The Humbling of Mike Pompeo
by Russell Berman, The Atlantic
Apr 17, 2018

CIA Director Mike Pompeo’s nomination to serve as secretary of state is facing opposition from most Democrats and a key Republican on the Foreign Relations Committee, raising the possibility that he could become the first top diplomat in the nation’s history to win confirmation without the public endorsement of the panel that oversees the State Department.

No Democrats have come out in support of Pompeo, who has failed to win any converts since he testified at his confirmation hearing last week. Senator Tim Kaine of Virginia, who voted to approve Pompeo as CIA director a year ago, announced on Sunday that he would oppose his bid to replace Rex Tillerson, and early Tuesday evening, Senator Jeanne Shaheen of New Hampshire followed suit. Fellow Democratic Senators Cory Booker of New Jersey, Chris Murphy of Connecticut, and Jeff Merkley of Oregon have also announced their opposition, while Senator Chris Coons of Delaware is publicly undecided.

The first indication that Pompeo could face a tricky confirmation battle came almost immediately after Trump announced his nomination, when GOP Senator Rand Paul of Kentucky declared his opposition based on Pompeo’s previous defense of torture and support for the NSA’s government spying programs. Paul gave no indication that he relented on Pompeo when he questioned him during last week’s confirmation hearing; he jousted with the CIA director over the constitutionality of Trump’s military strikes on Syria and over the ongoing war in Afghanistan.

“My biggest problem with your nomination is I don’t think it reflects the millions of people who voted for President Trump who actually voted for him because they thought he’d be different,” Paul told him.

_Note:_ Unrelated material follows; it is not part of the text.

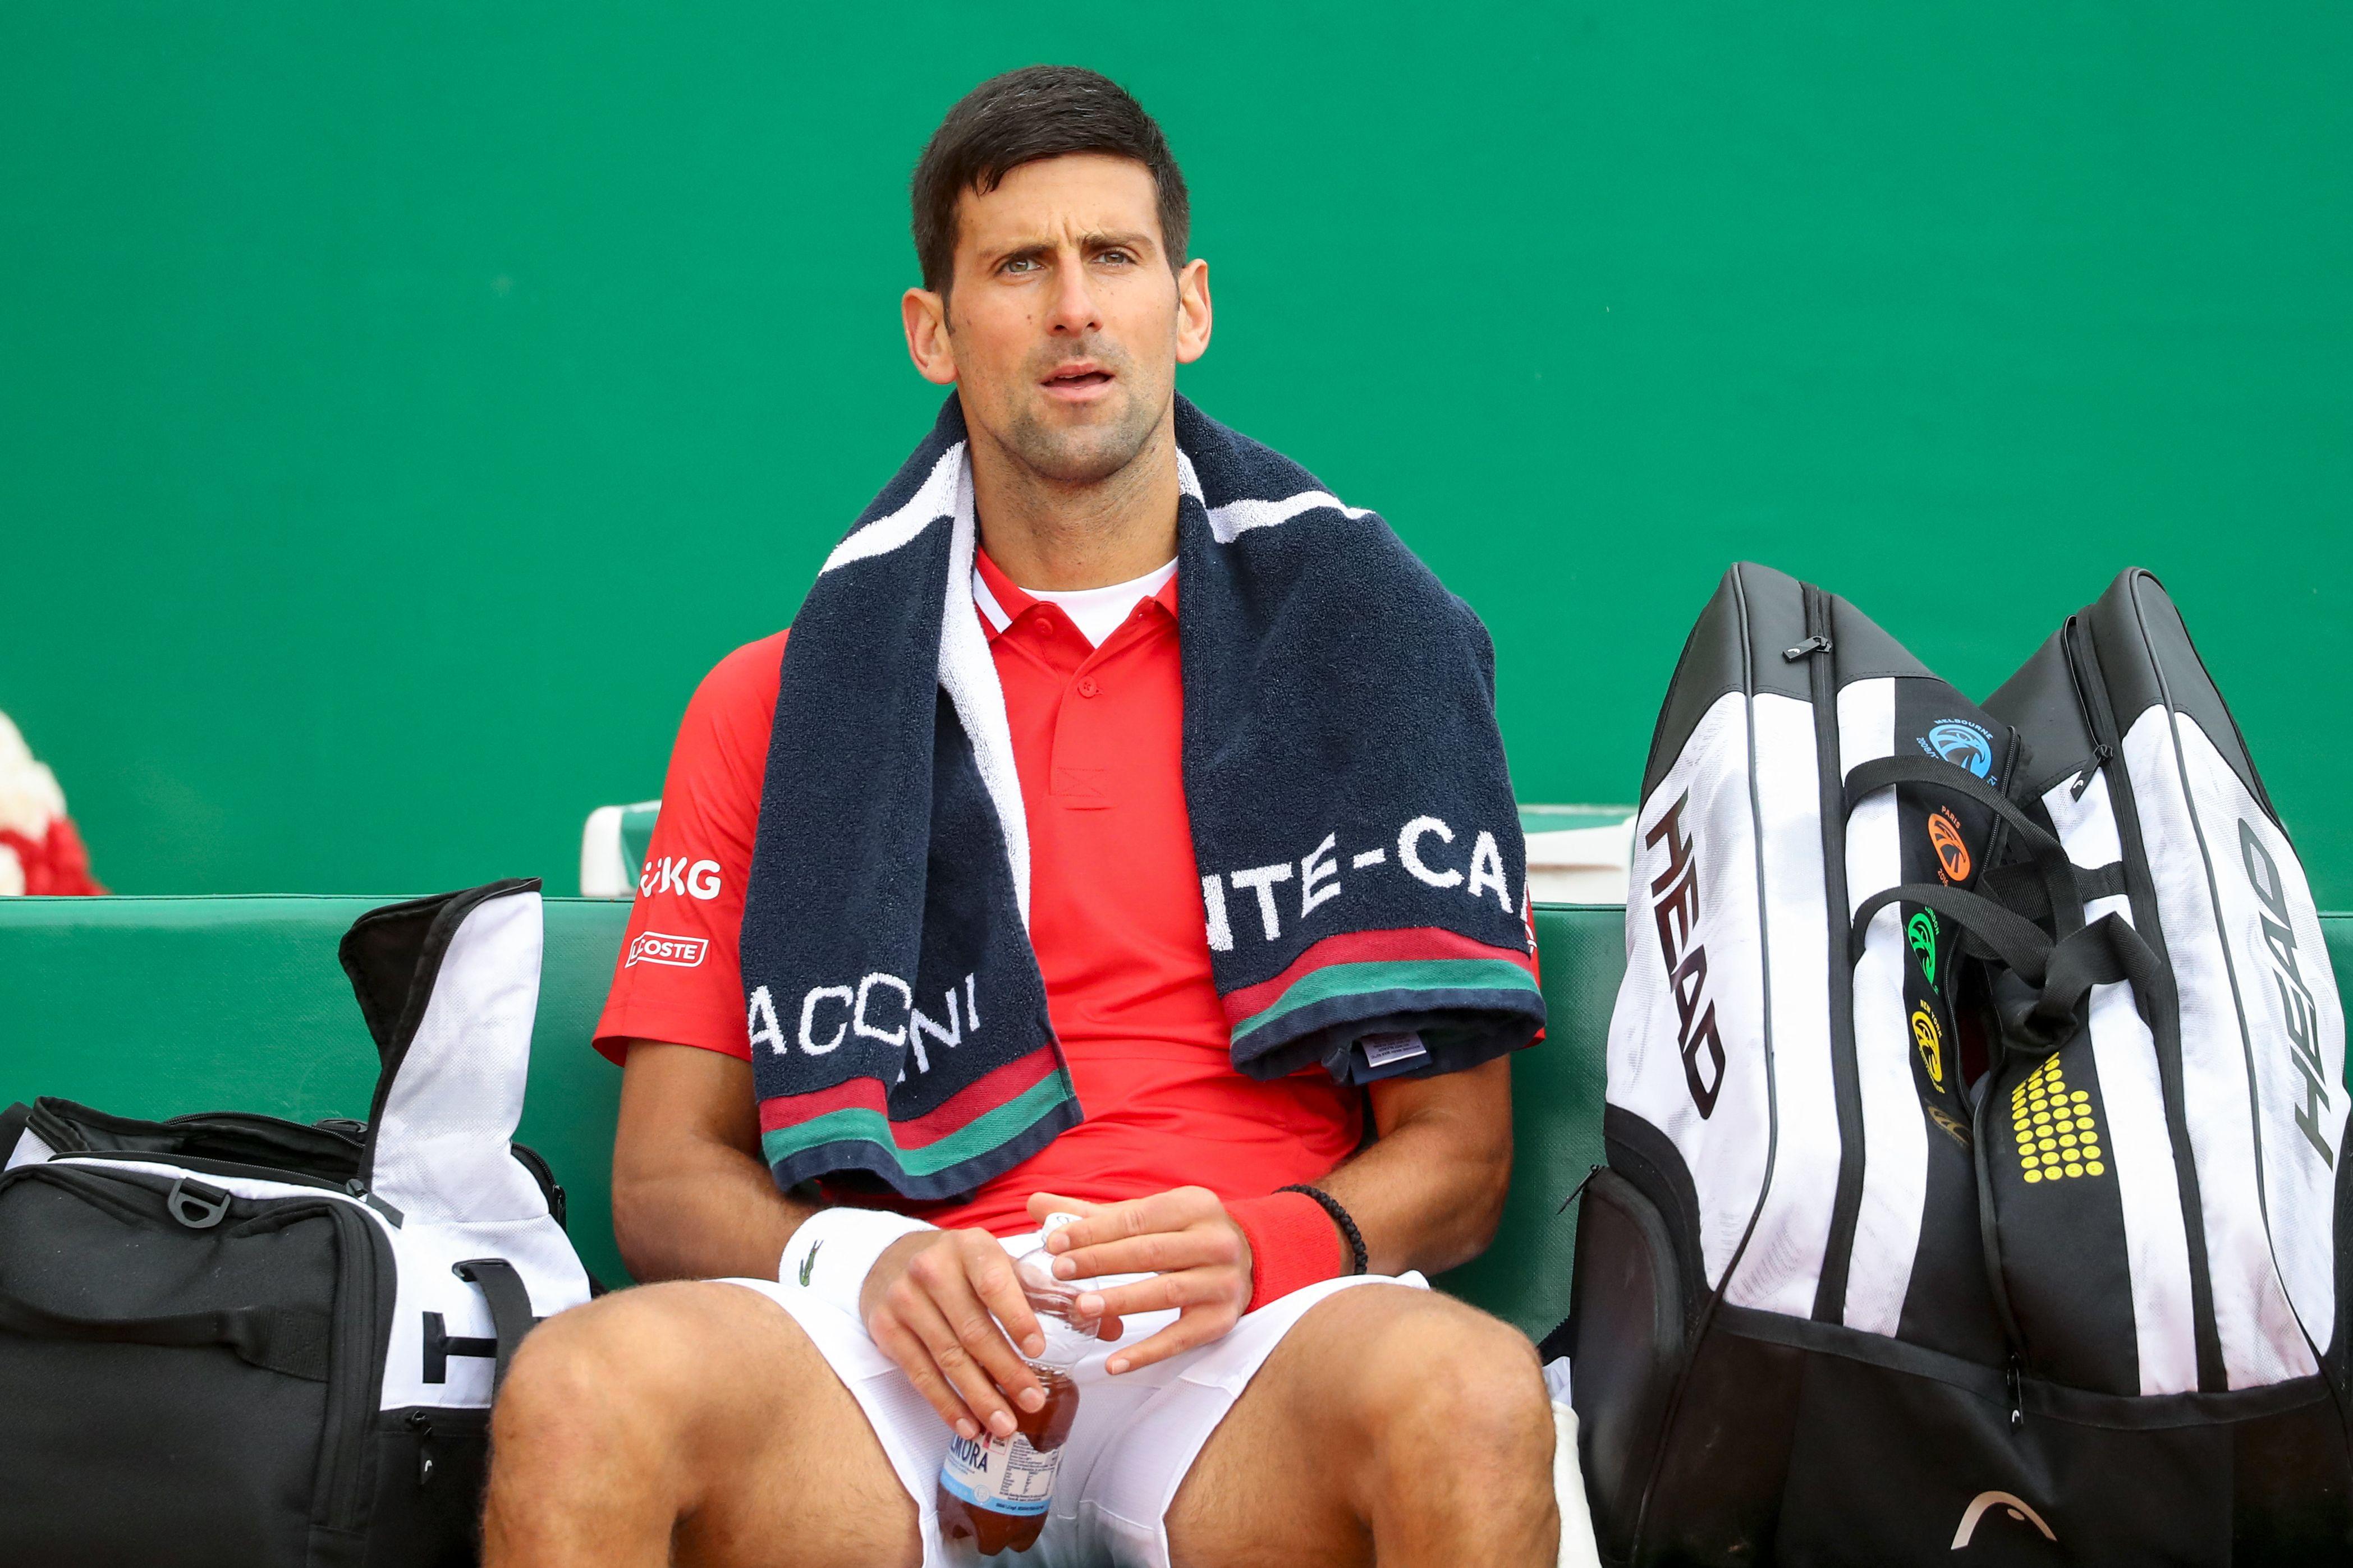 Novak Djokovic says he hopes Covid-19 vaccine will not be mandatory for players

Republicans have just a 51-49 majority in the Senate overall, and in the Foreign Relations Committee, Paul could hold the decisive vote. If he sides with all Democrats against confirmation, Pompeo would become the first nominee for secretary of state not to win approval from the panel since it began keeping records of such votes in 1925. Interestingly, the last senior diplomatic nominee to fall short in the Foreign Relations Committee is now Trump’s national-security adviser, John Bolton. The panel rejected President George W. Bush’s nomination of Bolton to serve as U.N. ambassador in 2005, and Republicans failed to defeat a Democratic filibuster to confirm him on the floor. Bush ended up installing Bolton as a recess appointment, and he served in the post for nearly a year and a half.

Senators in both parties expect Majority Leader Mitch McConnell to schedule a full floor vote on Pompeo’s nomination regardless of how the Foreign Relations Committee votes. If Paul and all 49 Democrats voted no, Pompeo would go down unless Senator John McCain of Arizona made an unlikely return from his months-long absence due to brain cancer. McCain hasn’t voted in the Senate at all in 2018.

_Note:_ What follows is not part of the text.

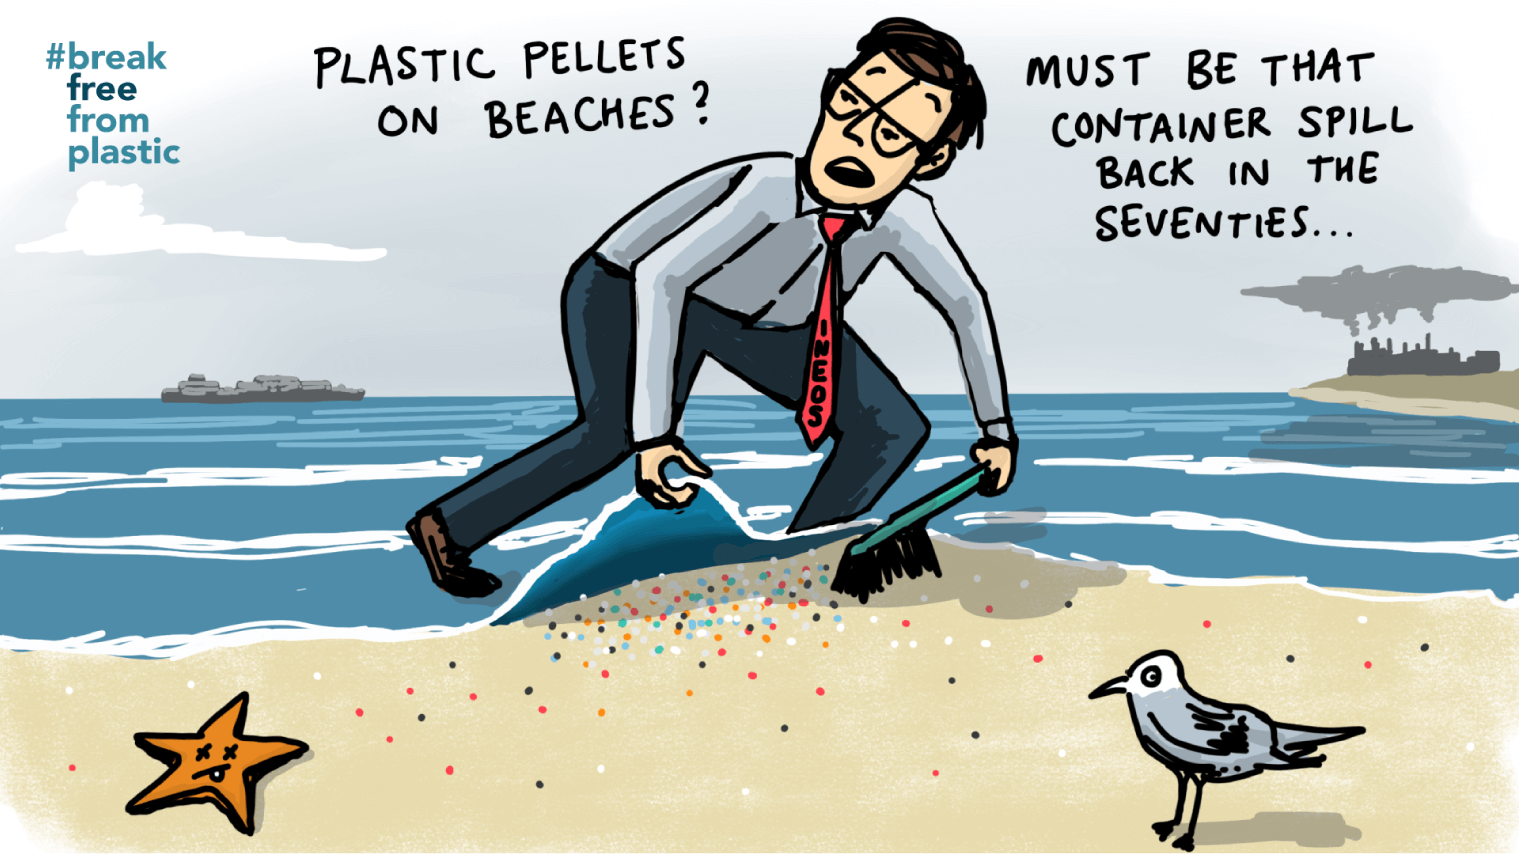 BFFP - Plastic Pellets on Beaches

But the assumption is that vulnerable Senate Democrats up for reelection in red states this fall—like Joe Manchin of West Virginia, Heidi Heitkamp of North Dakota, and Joe Donnelly of Indiana, among others—will vote to confirm Pompeo and save him, and Trump, from an embarrassing defeat. Those three voted along with 14 other Democrats to confirm him as CIA director, but they have yet to take a position on his nomination for secretary of state.

Should that happen, Pompeo would become only the second Cabinet officer on record to win confirmation by the full Senate after an unfavorable committee vote, according to the Senate Historical Office. The only other example was former Vice President Henry Wallace, who was nominated by President Franklin Roosevelt to serve as secretary of commerce in 1945 after he had dumped him as his running mate in favor of Harry Truman the year before. The last time the Senate actually rejected a presidential Cabinet nominee was in 1989, when President George H.W. Bush’s nomination of John Tower for secretary of defense went down in defeat. (Many other nominees have withdrawn once it was clear they wouldn’t secure enough votes on the floor.)

Not to mention Pompeo’s outspoken and unrepentant Islamophobia.

The only Senators on the Foreign Relations Committee who are publicly undecided are “Democrat” Chris Coons of Delaware and Republican Jeff Flake of Arizona.